Babble On


By Peter McConnell

The architects of our nation knew the critical importance of a maliable constitution, and the need to always challenge the laws that would govern an ever-evolving and progressive nation, without drifting from its core values. A liberal party served an invaluable role to this end, while honoring the fundamental tenets around which we would remain united. How often are we reminded of the “most important things” we still have in common? Today’s rhetoric makes me seriously question if we’ve taken this for granted. Do we actually want two very different countries? We no longer attack the issues; we now attack each other. Trump didn’t divide America. It’s been torn asunder for a long time now, and it’s merely beginning to manifest itself.

It’s so easy to hate. It’s our most primal instinct, and it has no regard for even our best intentions. It’s particularly easy when the rhetoric becomes personified as an object of our acrimony, since this base impulse expects an enemy against which we’re driven to fight and defeat.

I’m no anthropologist, sociologist, evolutionary biologist or historian, but it seems safe to say that the highest conflict and tension in the history of civilization were precursors to the advancement of ideas. If moral and intellectual progress is the present stage of human evolution, then competing ideologies and thought will collide with furious tension, and the victory will belong either to fate or the fittest.

As a man bound by no greater cause than reason, I feel utterly defenseless in this current battle over the hearts and minds of the masses. I often debate with those I perceive are intelligent, and with the assumption that we at least share common goals around the American ideal. But these conversations seem to be engaged using completely disparate dialects of logic, if not languages. They almost seem pointless.  It seems to me that our own nation has become the city of Babel.

I was asked a question on Facebook the other day by one of my oldest and dearest friends. She asked if I was actually defending Trump, since I had posted some articles I thought were more rational and comprehensive on the subject of one of his executive orders. I hadn’t the time to respond to her before I was unfriended, but this article is the answer to that question.

To the best of my ability, and with as much moral and intellectual integrity by which I strive to live my life, I defend truth, hopefully with objectivity and discipline, and without emotional prejudice.

I couldn’t defend Trump entirely.
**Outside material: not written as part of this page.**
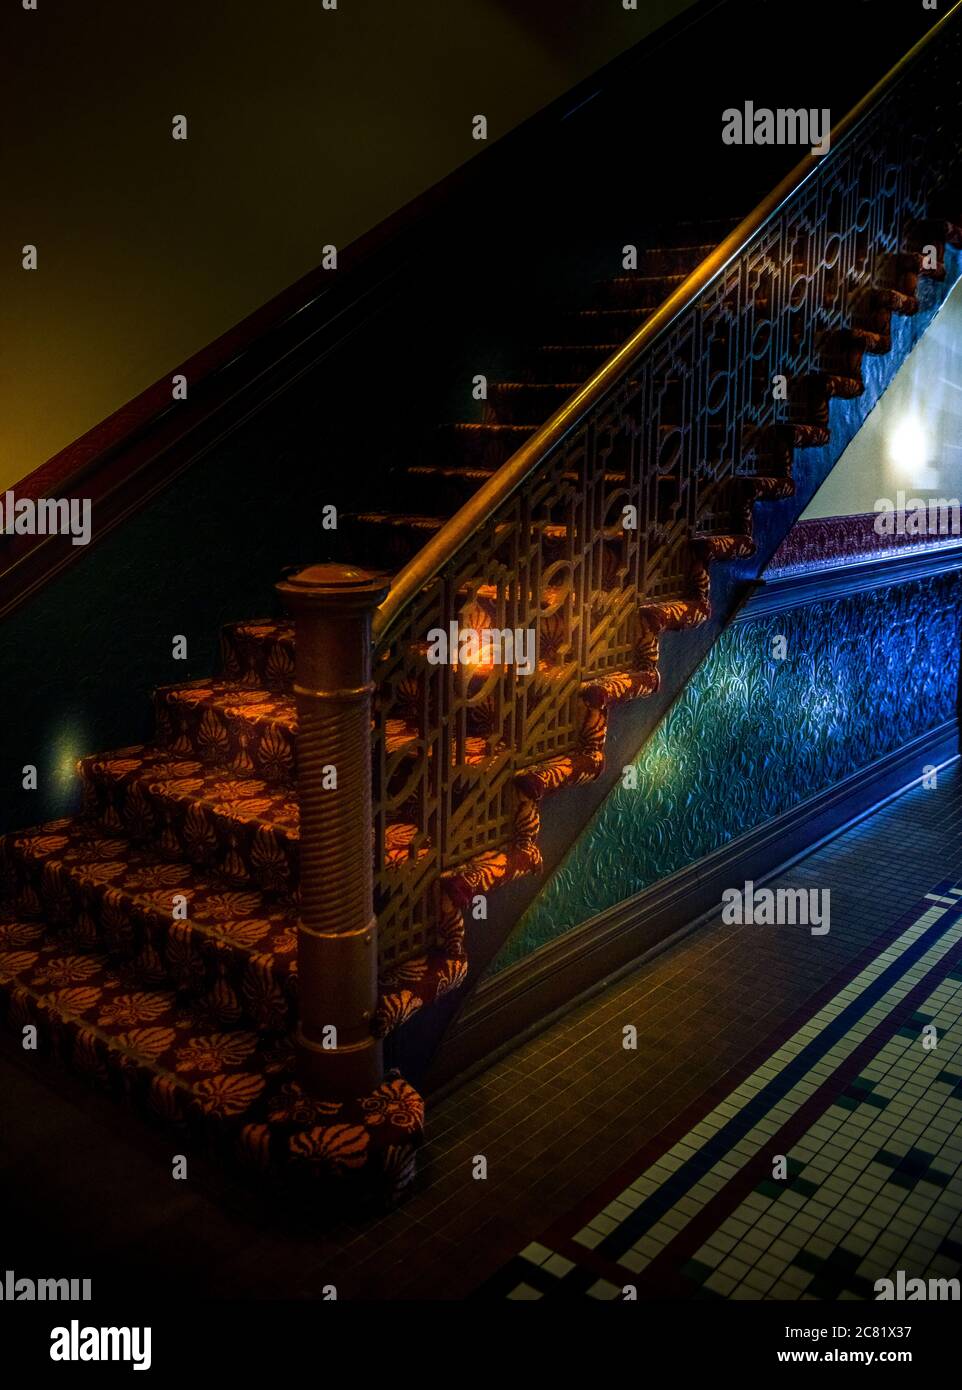 Bunte Flare Beleuchtung im alten Gebäude mit Treppe und Zinn geprägte Vertäfelung mit Mosaikfliesen Boden in geheimnisvoller Atmosphäre, USA Stockfoto

I don’t know many conservatives who disagree that Trump is too often indefensible. He makes me incredibly nervous, and, in my opinion, does great harm to this country with his reckless words and hasty, if not impetuous, decisions. Anyone who actually knows me will know that, NO, I didn’t vote for Trump. I’m a Libertarian LEANING independent who voted for Gary Johnson. But where fairness is warranted, and necessary to stem the tide of hysteria and dissension, I’ll speak my conscience and defend a broader truth, in hopes of, if nothing else, easing some tension.
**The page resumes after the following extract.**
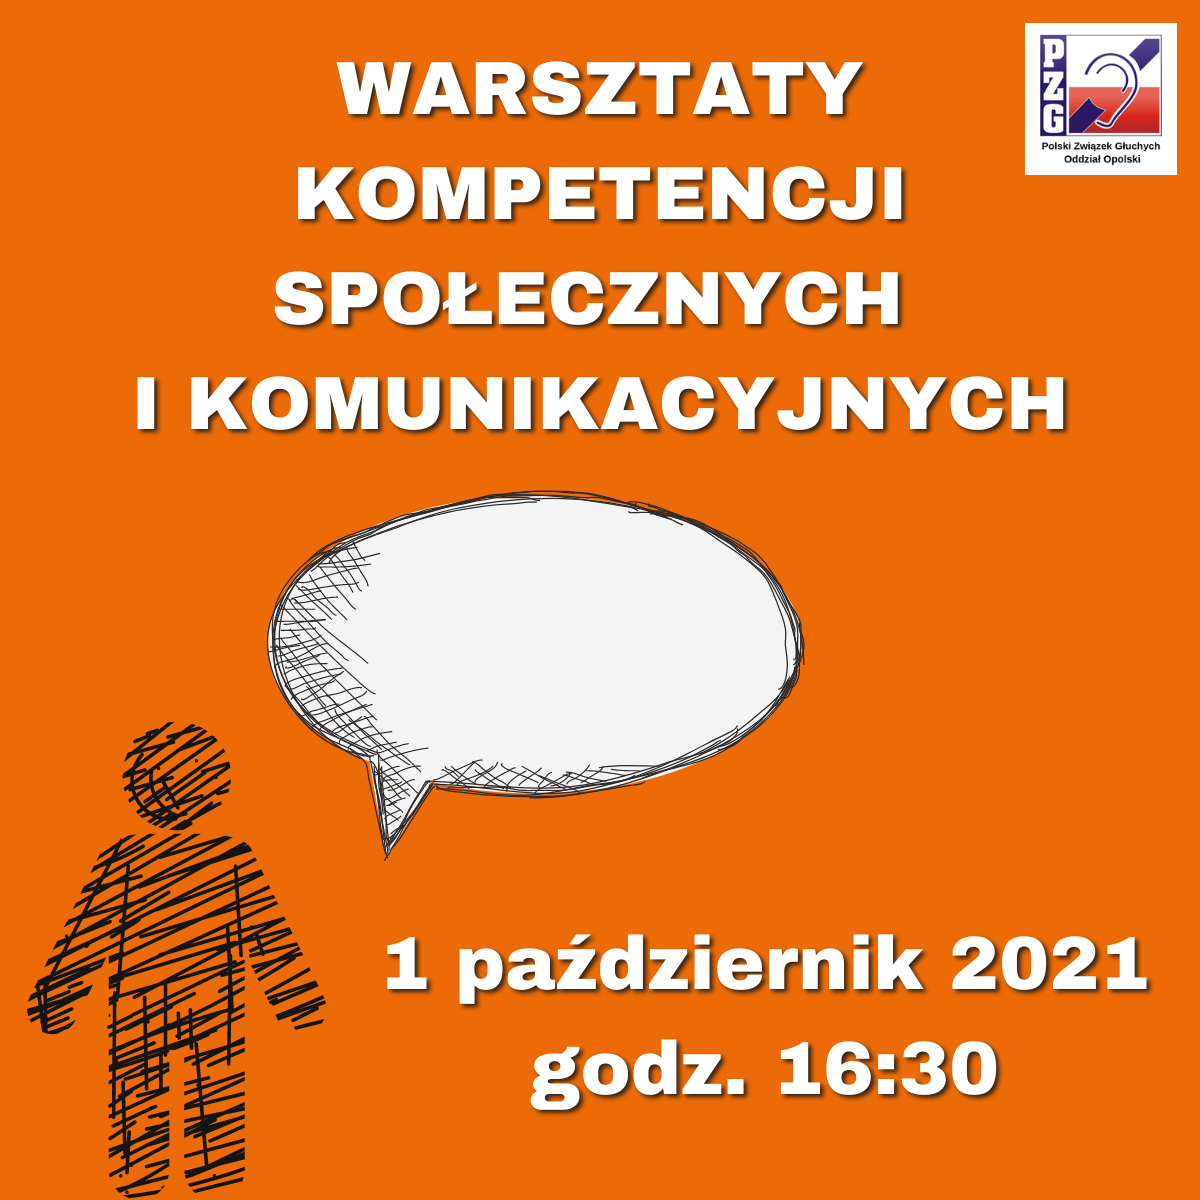 Plakat informujący o warsztatach obywatelskich. Na plakacie narysowana postać z dymkiem symbolizującym rozmowę.

The people in this country are scared out of their wits. Quite literally it seems. We have due cause for concern with Trump, and should absolutely appreciate the scrutiny of the press, who are afforded incredible liberties by proxy through our first amendment rights. But with that right comes a responsibility to deliver the facts in their entirety, and without prejudice. Whether to reinforce or reassess our beliefs through a broader context, we deserve to see the whole picture.

Perhaps there is, within the whole truth, hope for something less than apocalyptic, or perhaps of great alarm that should wake us up from our slumber and naivety. One way or another, we cannot possibly begin to understand another point of view by reading half truths, anymore than half a bridge can adjoin two sides.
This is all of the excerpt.